On Friday, August 26, 2011, the FDA approved crizotinib (Xalkori) to treat ALK-positive patients with late-stage non–small cell lung cancer (NSCLC).

On Friday, the FDA approved crizotinib (Xalkori) to treat ALK-positive patients with late-stage non—small cell lung cancer (NSCLC).

A diagnostic test used in tandem with the drug was also approved by the FDA. The Vysis ALK Break Apart FISH Probe Kit is the first test of its kind to identify patients with an abnormal ALK gene.

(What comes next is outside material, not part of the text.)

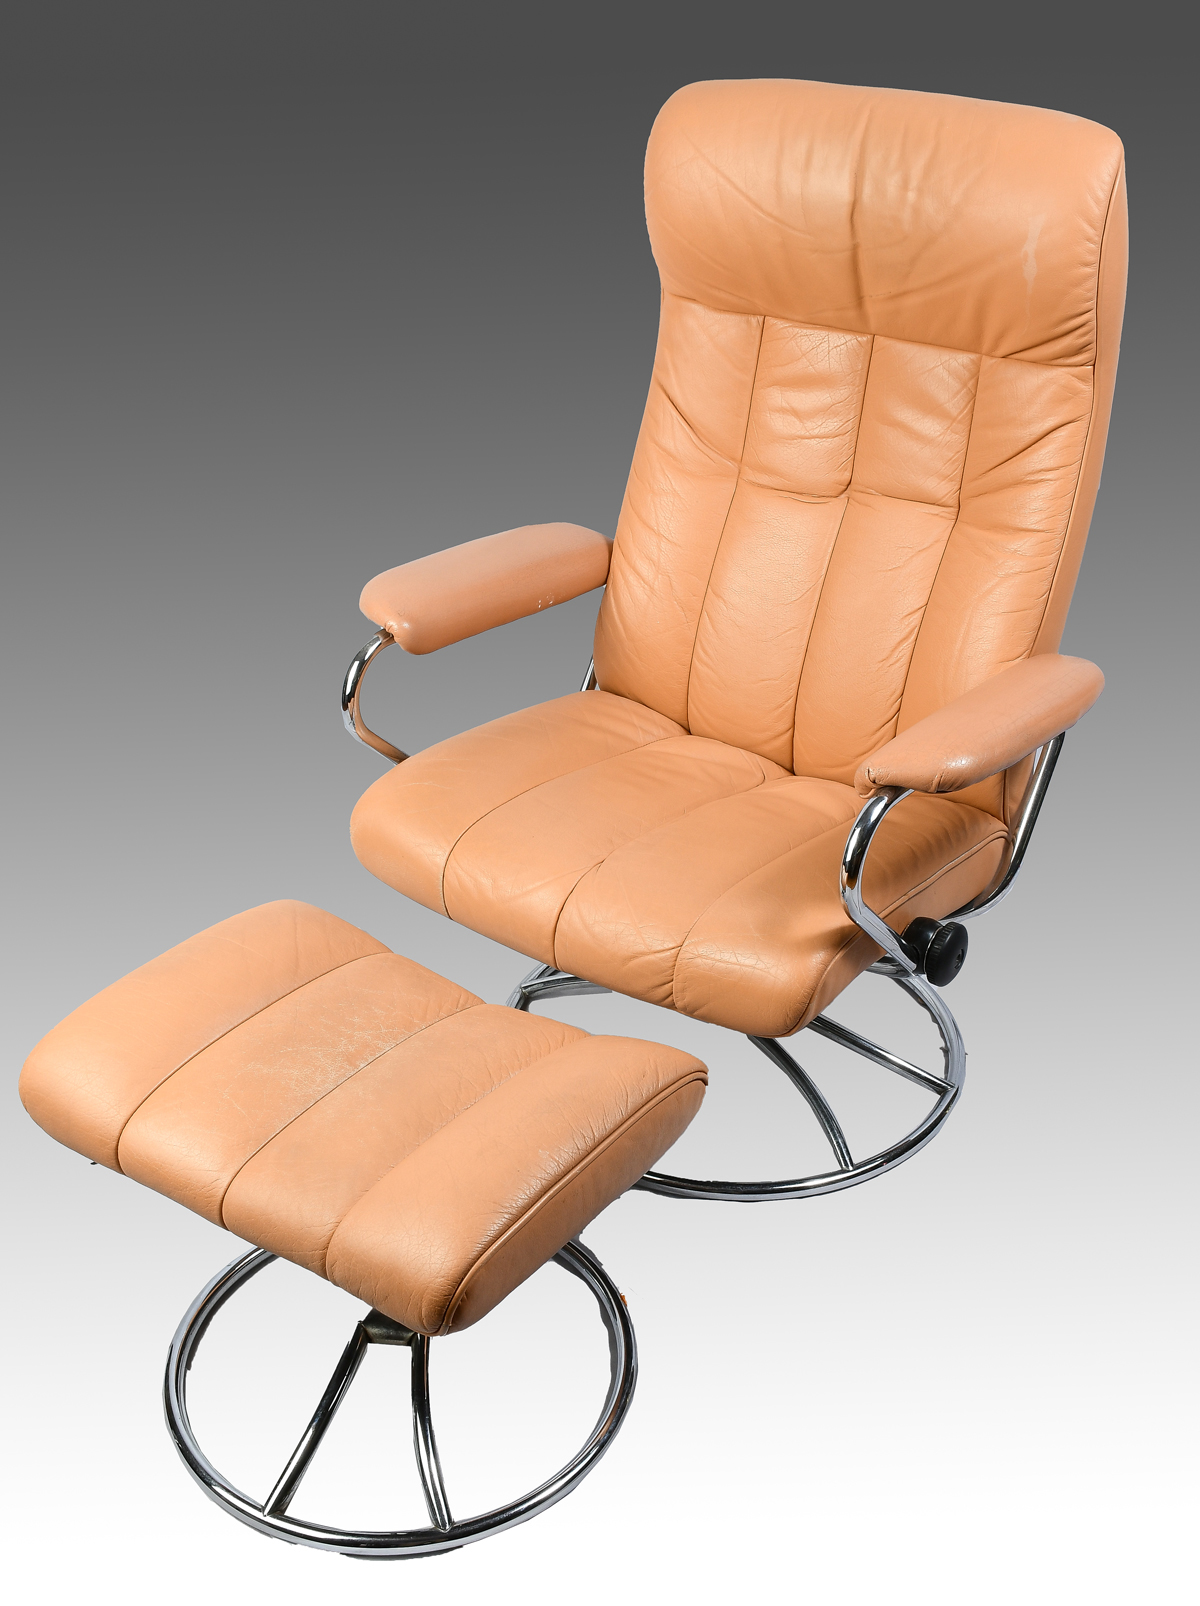 LEATHER CHAIR AND OTTOMAN Stressless 36b776

Crizotinib is an oral compound that blocks signaling in cell pathways by inhibiting kinases, including the protein produced by the abnormal ALK gene. The drug is taken twice a day as a single-agent therapy.

Earlier this year, the drug showed marked antitumor activity in a study presented at the 14th World Conference on Lung Cancer in Amsterdam. In early phase II results from the single-arm, open-label PROFILE 1005 trial, 51% of 133 patients who had undergone prior chemotherapy who were treated with crizotinib exhibited an overall response, including 1 patient who experienced a complete response. At 12 weeks into the trial, the disease control rate was 74%, meaning that a proportion of participants achieved stable disease, or partial or complete responses.

Further studies confirmed crizotinib’s effectiveness in treating patients with NSCLC. A total of 255 patients with late-stage ALK-­­­positive NSCLC were studied in 2 multicenter, single-arm trials.

In one study, the objective response rate was 50%, with a median response duration of 42 weeks. In another, the objective response rate was 61%, with a median response duration of 48 weeks.

The FDA approved crizotinib under its accelerated approval program because of its ability to treat a serious disease based on clinical data showing that the drug is likely to create a clinical benefit in patients.

The diagnostic test that accompanies crizotinib is a major part of the approval. It is the second targeted therapy to have such a test approved by the FDA this year.

“The approval of Xalkori with a specific test allows the selection of patients who are more likely to respond to the drug,” said Richard Pazdur, MD, director of the Office of Oncology Drug Products in the FDA’s Center for Drug Evaluation and Research, in a statement released on Friday. “Targeted therapies such as Xalkori are important options for treating patients with this disease and may ultimately result in fewer side effects.”